It’s not identical, but a MWE with 3 options:
using BenchmarkTools, LinearAlgebra, Random
function myfun!(y, mat1, mat2, iCase)
Tk, S = size(mat1);
Tp, N = size(mat2);
if iCase == 1
yPart = zeros(Tk, Tp);
end
@inbounds @views for n=1:N
for s in 1:S
if iCase == 1
mul!(yPart, mat1[:,s], mat2[:,n]');
y[:,:,s,n] .= yPart;
elseif iCase == 2
y[:,:,s,n] .= mat1[:,s]*mat2[:,n]';
elseif iCase == 3
for i1 = 1 : Tk
for i2 = 1 : Tp
y[i1,i2,s,n] = mat1[i1,s]*mat2[i2,n];
end
end
end
end
end
return nothing
end
function bmark(iCase)
rng = MersenneTwister(123)
Tk=10
Tp=16
S=104
N=336
mat1 = rand(rng, Tk,S)
mat2 = rand(rng, Tp,N)
y = zeros(Tk,Tp,S,N)
b = @benchmarkable myfun!($y, $mat1, $mat2, $iCase);
run(b)
end
Unrolling the matrix multiplication avoids allocations and wins in terms of speed.
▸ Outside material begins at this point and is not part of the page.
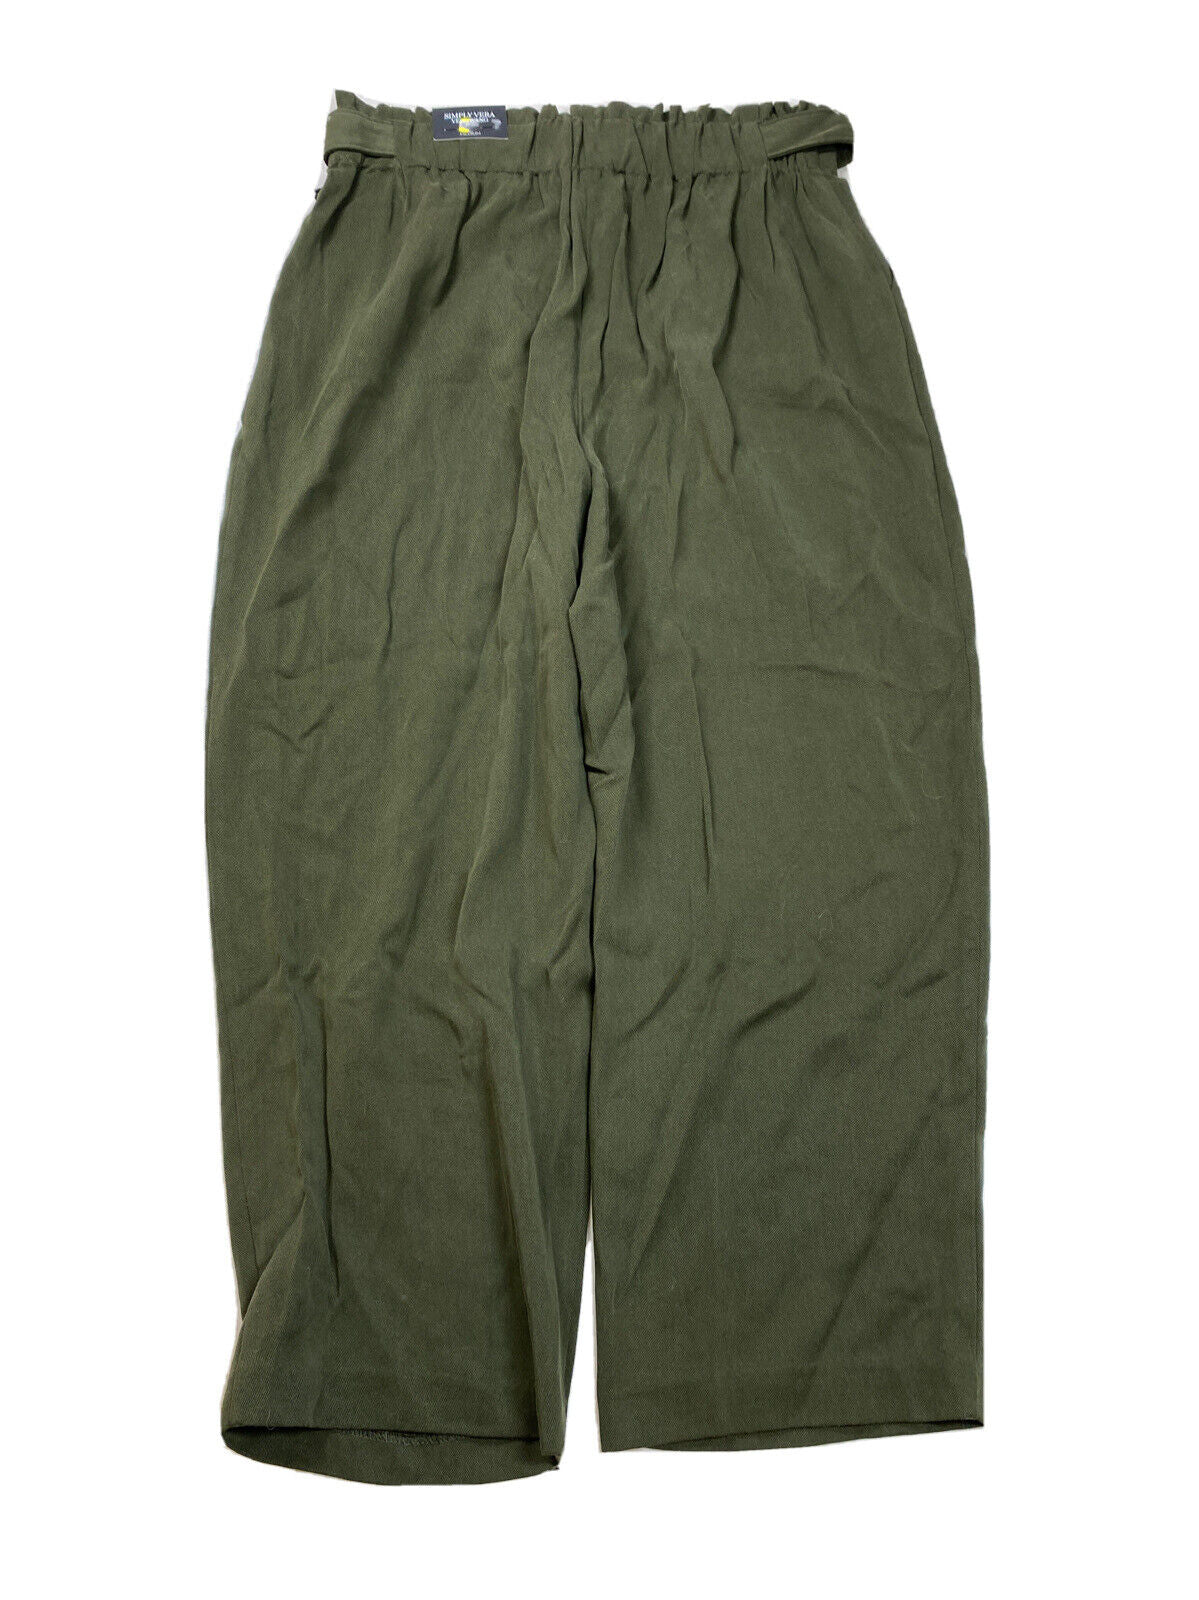 NEW Simply Vera Wang Women's Olive Green Loose Straight Leg Pants - M
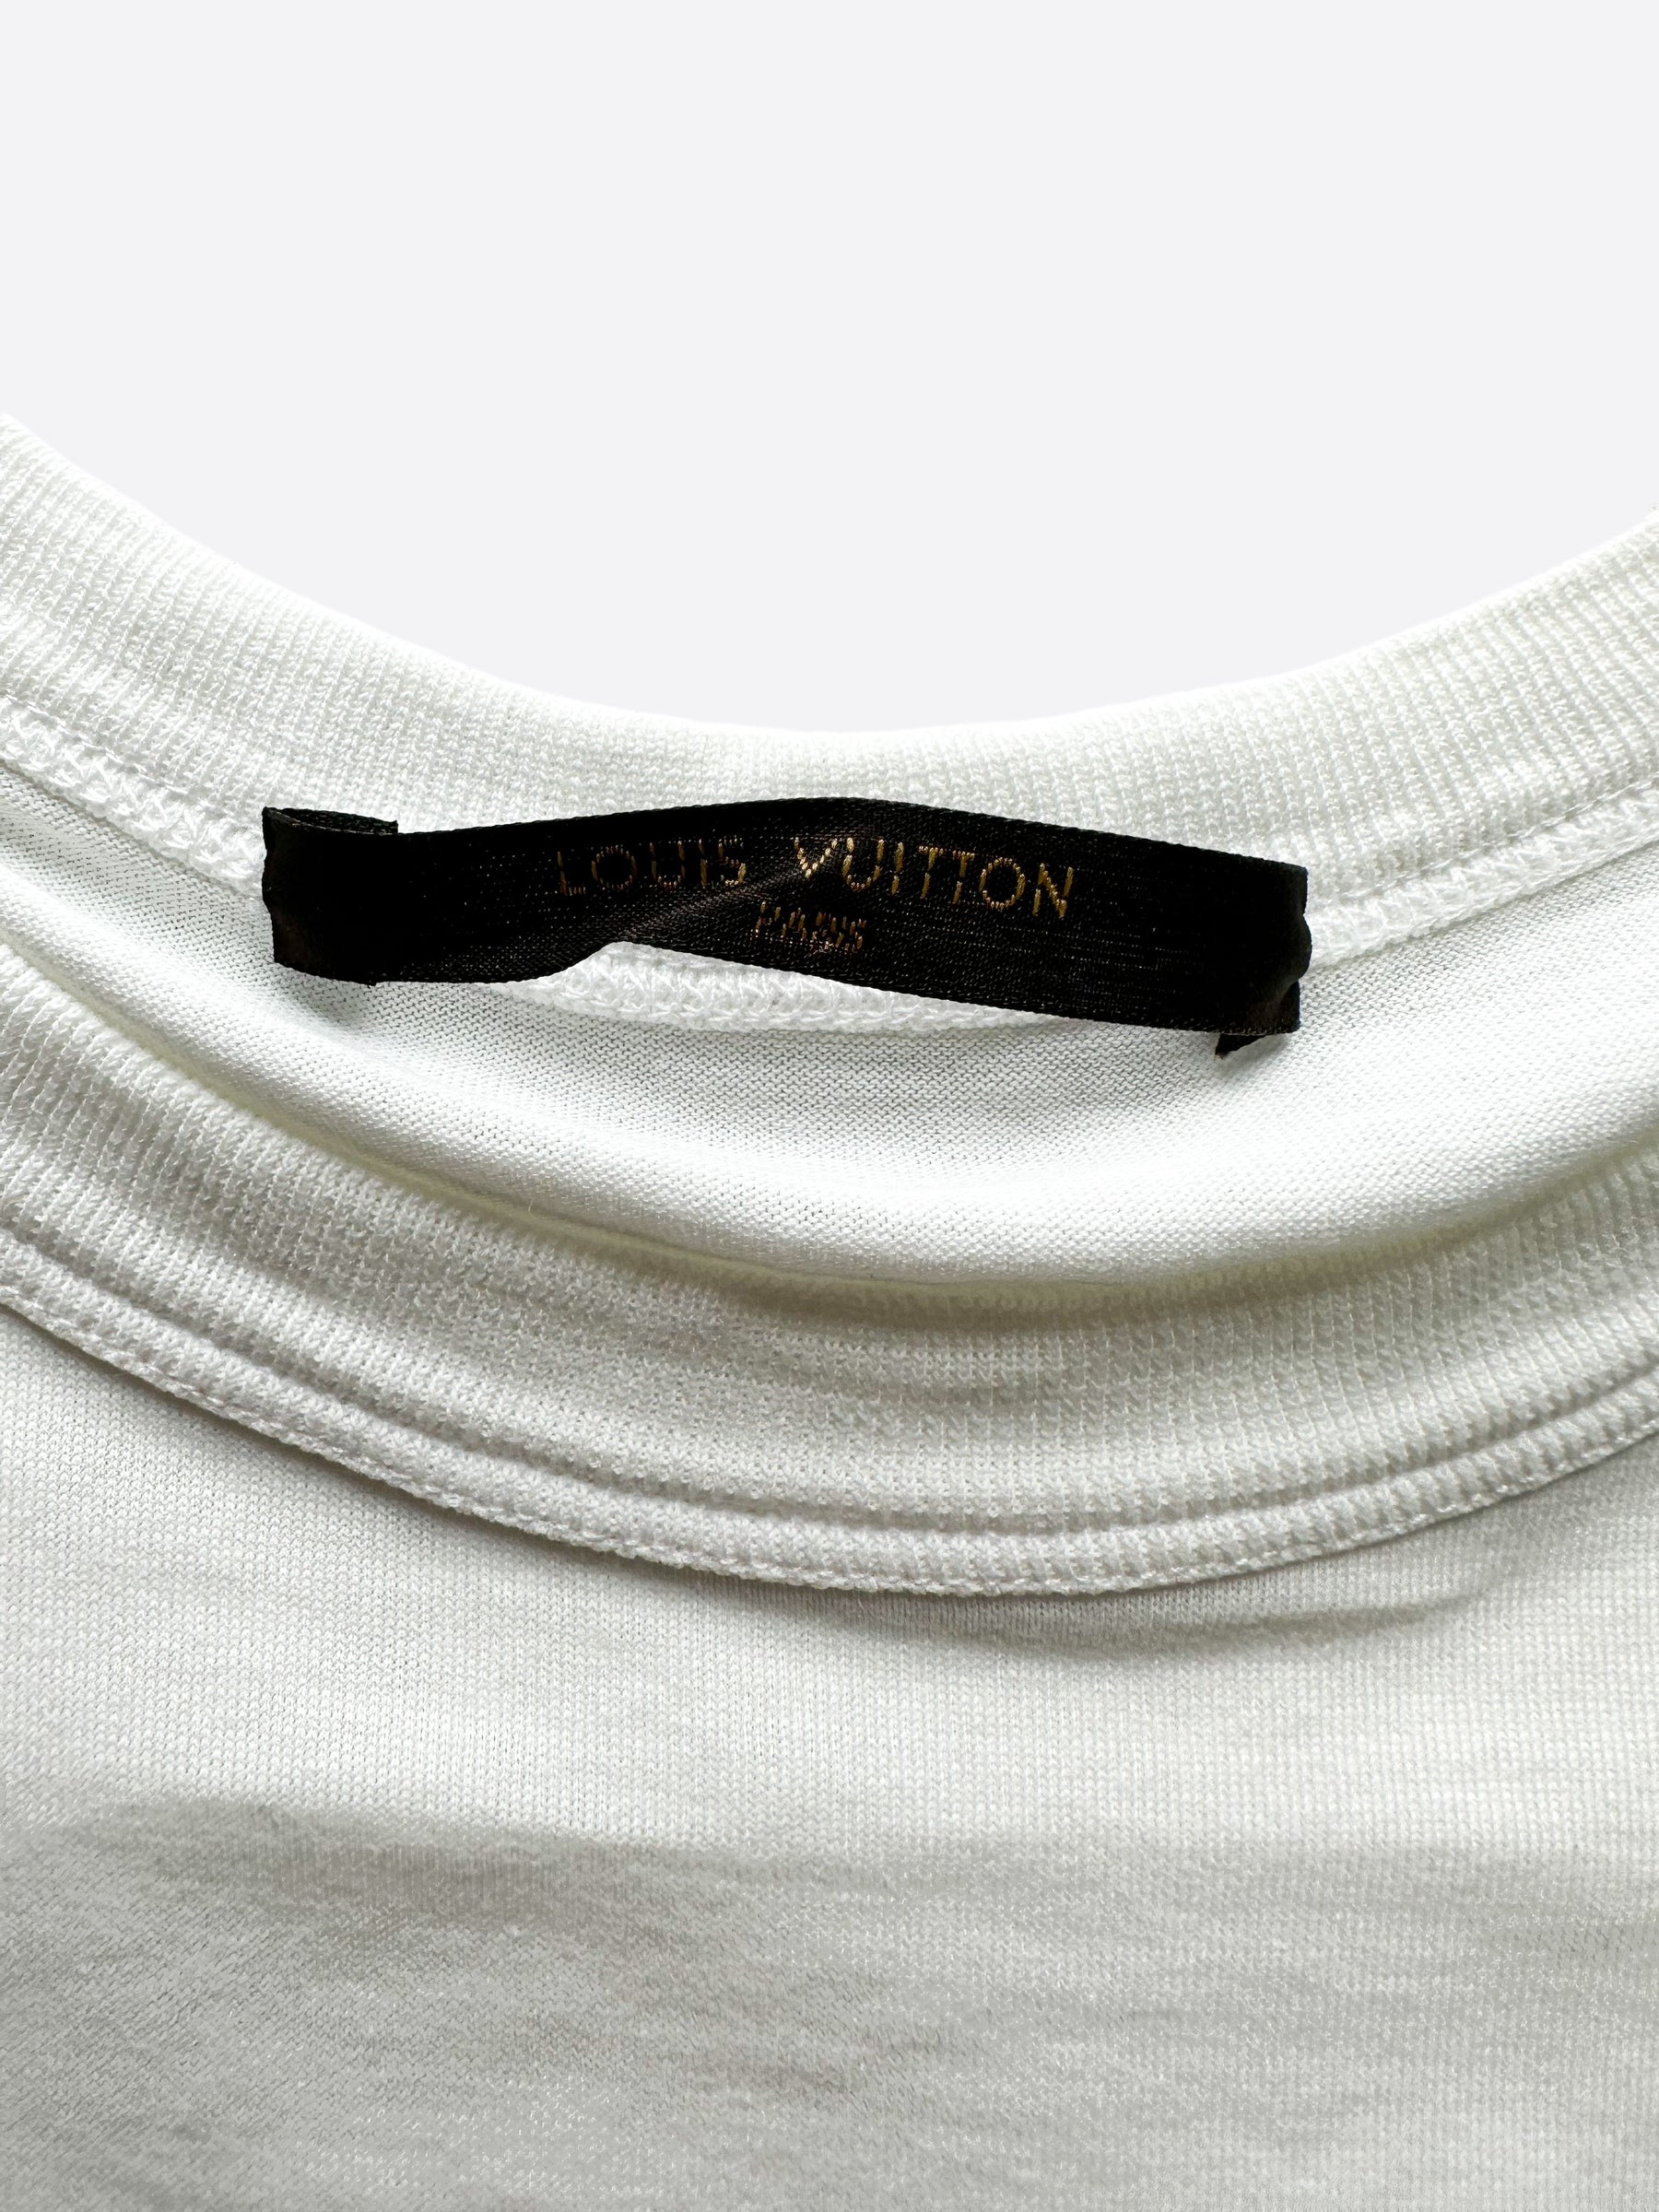 Supreme And Louis Vuitton Box Logo Shirt - Vintage & Classic Tee

But mul!
helps some.
julia> bmark(1)
BenchmarkTools.Trial:
memory estimate: 1.33 KiB
allocs estimate: 1
--------------
minimum time: 8.877 ms (0.00% GC)
median time: 9.118 ms (0.00% GC)
mean time: 9.320 ms (0.00% GC)
maximum time: 13.458 ms (0.00% GC)
--------------
samples: 537
evals/sample: 1
julia> bmark(2)
BenchmarkTools.Trial:
memory estimate: 45.32 MiB
allocs estimate: 34945
--------------
minimum time: 11.003 ms (0.00% GC)
median time: 12.034 ms (0.00% GC)
mean time: 18.336 ms (32.68% GC)
maximum time: 76.342 ms (84.29% GC)
--------------
samples: 273
evals/sample: 1
julia> bmark(3)
BenchmarkTools.Trial:
memory estimate: 0 bytes
allocs estimate: 0
--------------
minimum time: 3.754 ms (0.00% GC)
median time: 4.003 ms (0.00% GC)
mean time: 4.180 ms (0.00% GC)
maximum time: 11.018 ms (0.00% GC)
--------------
samples: 1196
evals/sample: 1
I’m sure there must be a function that implements A B'
without allocating, but I don’t know what it is.